Destacaram ainda que, "a cerveja [seja qual for] constitui uma forma de entrada ao consumo de álcool dos mais jovens, e inclusive crianças. Por isso, a adaptação precoce da criança ou do adolescente que pratica esporte ao sabor da cerveja, usando como estímulo e referência ídolos esportivos, é, sob qualquer ponto de vista, repreensível para a OMC e a SEMED e constitui um novo exemplo de publicidade com clara intenção subliminar contrária à promoção da saúde".
• Colágeno: deixando no tinteiro dezenas de suplementos (equinácea, glutamina, selênio, espirulina, ginseng, picolinato de cromo, hidroximetilbutirato, várias vitaminas e outros compostos de nome ainda mais exótico e impronunciável), não resisto comentar a jogada de um dos compostos com maior apelo comercial nos últimos anos. Estou me referindo aos suplementos de colágeno, em suas várias formas ou combinado com outras substâncias (a mais clássica, o magnésio). O colágeno é uma proteína e, como tal, uma vez ingerida com os alimentos, ou suplementos, é dividida em suas partes constituintes — os aminoácidos — para que estes, e não a proteína, sejam absorvidos um por um na maioria dos casos.

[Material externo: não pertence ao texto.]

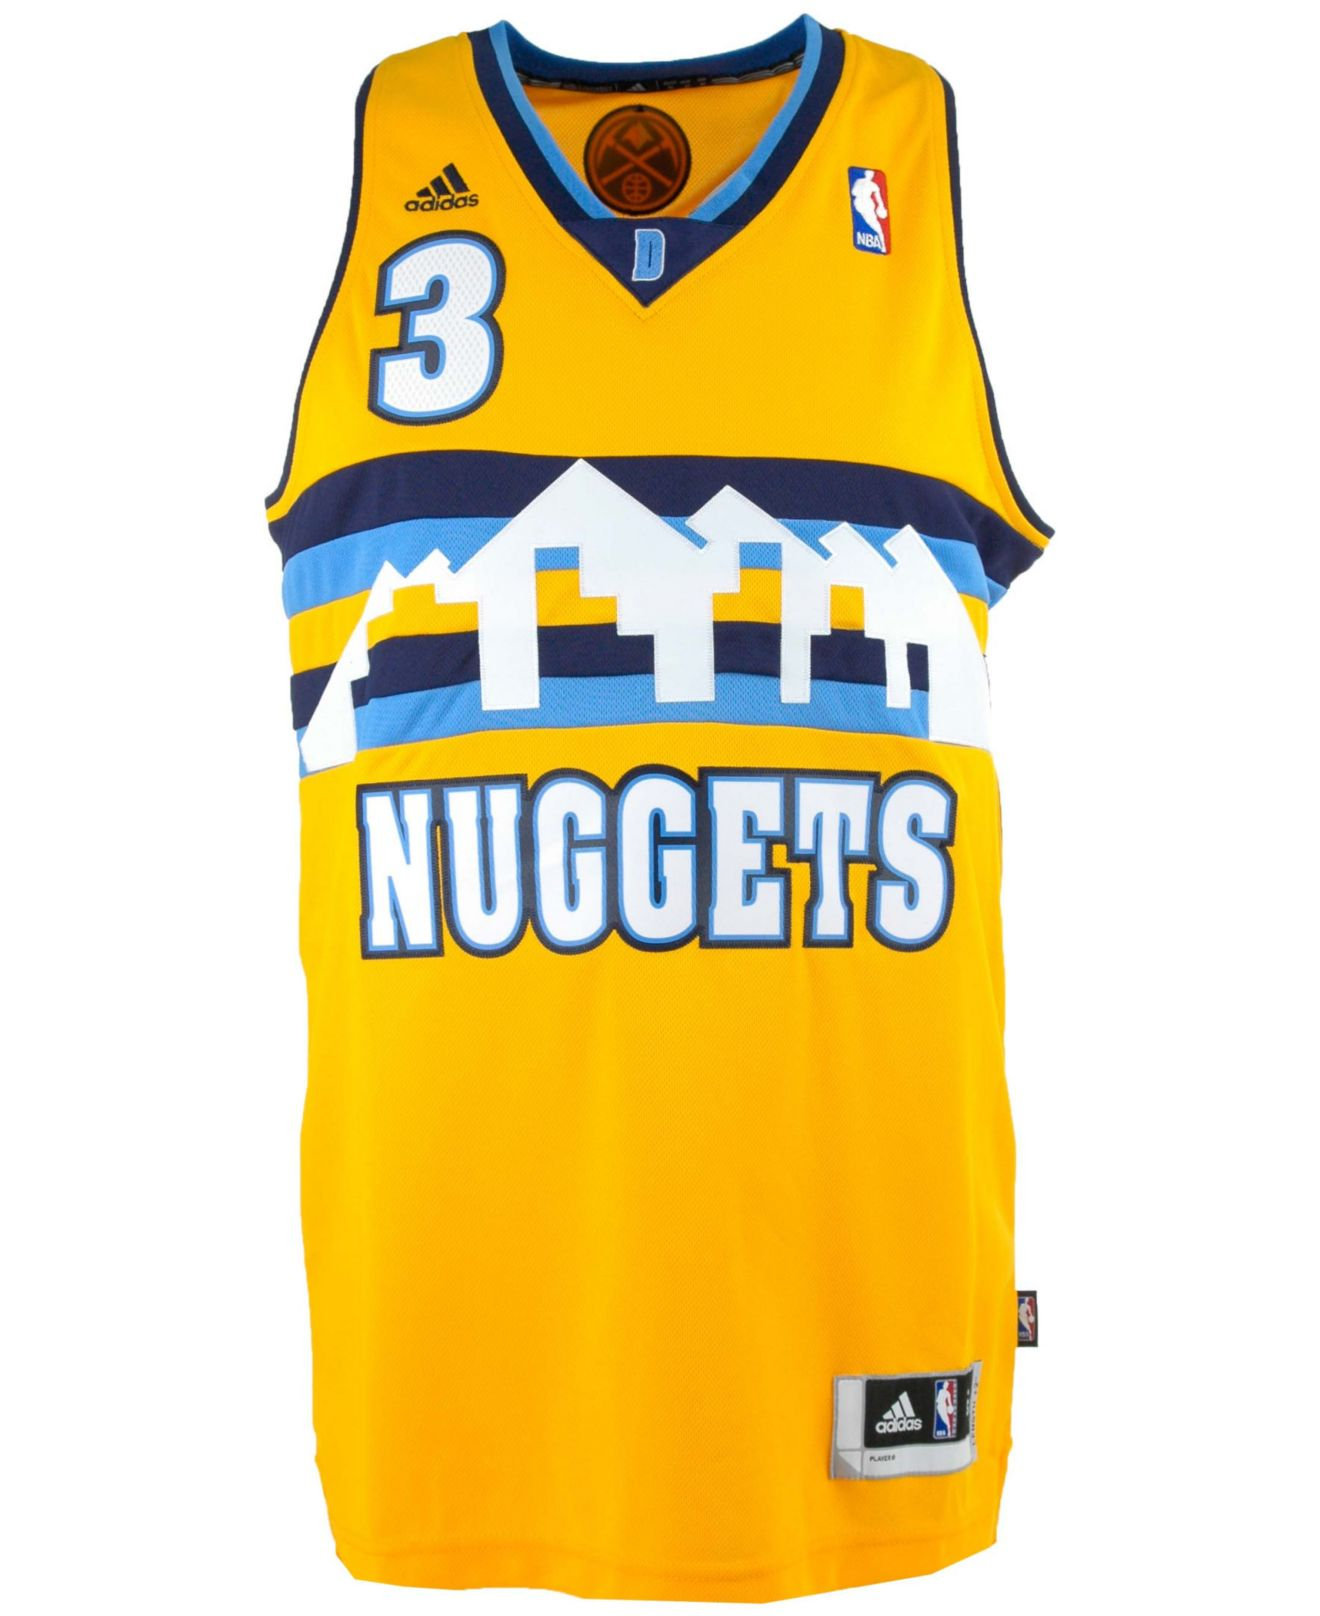 Adidas Denver Nuggets 3 Stripe Jacket: Adidas Men's Ty Lawson Denver Nuggets Swingman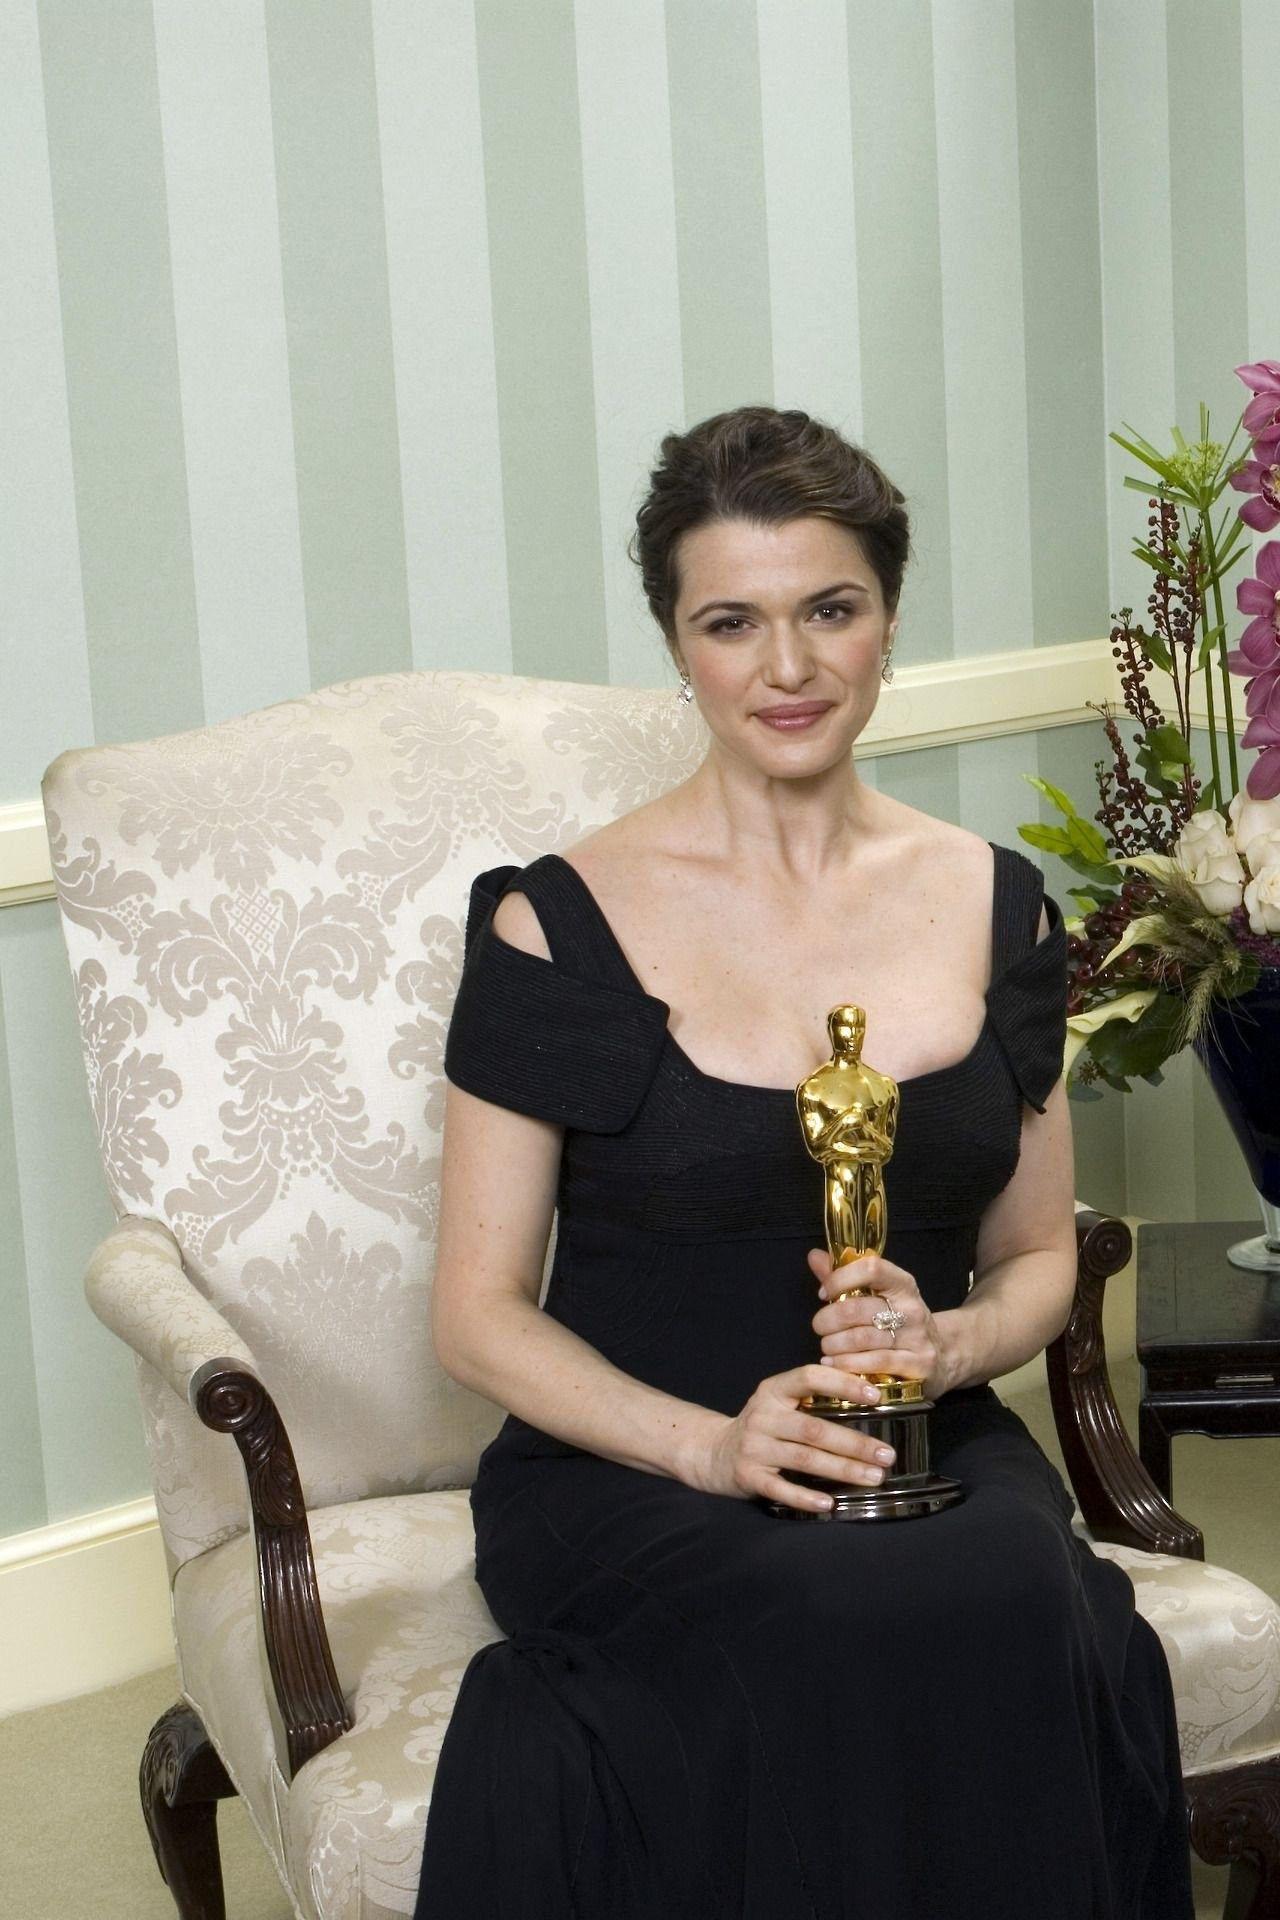 Pin by cici on Rachel Weisz | Oscar fashion, Rachel weisz ...

Supor que esses tijolos tenham memória e se lembrem que já fizeram parte de uma estrutura superior, uma proteína chamada colágeno, é como tentar fornecer veículos a uma tribo indígena jogando todas as partes de um avião e esperar que caiam montados. Os aminoácidos constituintes do colágeno são a glicina e a prolina, nenhum é essencial, e podem ser obtidos tanto a partir da síntese endógena como em outras fontes alimentares proteicas. Assim, se alguém apresenta uma clara deficiência de colágeno (devido ao estado de suas articulações ou pela aparência da pele), terá de considerar por que esse colágeno necessário não é produzido por seus fibroblastos — na maior parte das vezes, ocorre por problemas genéticos, de idade e fatores ambientais, como o tabagismo —, ao invés de ingerir suplementos desnecessários, que sempre são caríssimos independentemente do preço.
Use o bom senso
É imprescindível terminar o artigo tal e qual começou, fazendo um chamado à racionalidade. E é algo que se faz para o bem geral, para que ninguém gaste um dinheiro absurdo com tantas bobeiras, para que ninguém seja enganado e, portanto, para lembrar que a alimentação dos atletas não deve ser substancialmente diferente da recomendada para a população em geral. Considere que a prática de certos rituais associados com maior ou menor evidência ao desempenho esportivo (isso é o de menos) poderá levar a uma fidelização com uma certa rotina de treinamento, mas isso não se traduz em resultados reais. Resumindo: vestir um macacão de Fórmula 1 e capacete pode incentivá-lo a se sentir mais poderoso dentro de um carro, mas não fará você dirigir melhor. Isso é certo. Porque, com isso tudo, dá na mesma.
Finalmente, e no campo estritamente dos suplementos e das ajudas ergogênicas, é conveniente lembrar das duas regras básicas do Professor Ronald Maughan, membro condecorado do American College of Sports Medicine, entre muitos outros méritos, um profissional reconhecido neste campo que dedicou grande parte de sua vida ao tema do desempenho esportivo, do uso de suplementos e à luta contra o doping: "1ª Regra: Se o suplemento funciona, provavelmente está proibido; 2ª Regra: Se o suplemento não é proibido, provavelmente não vai funcionar".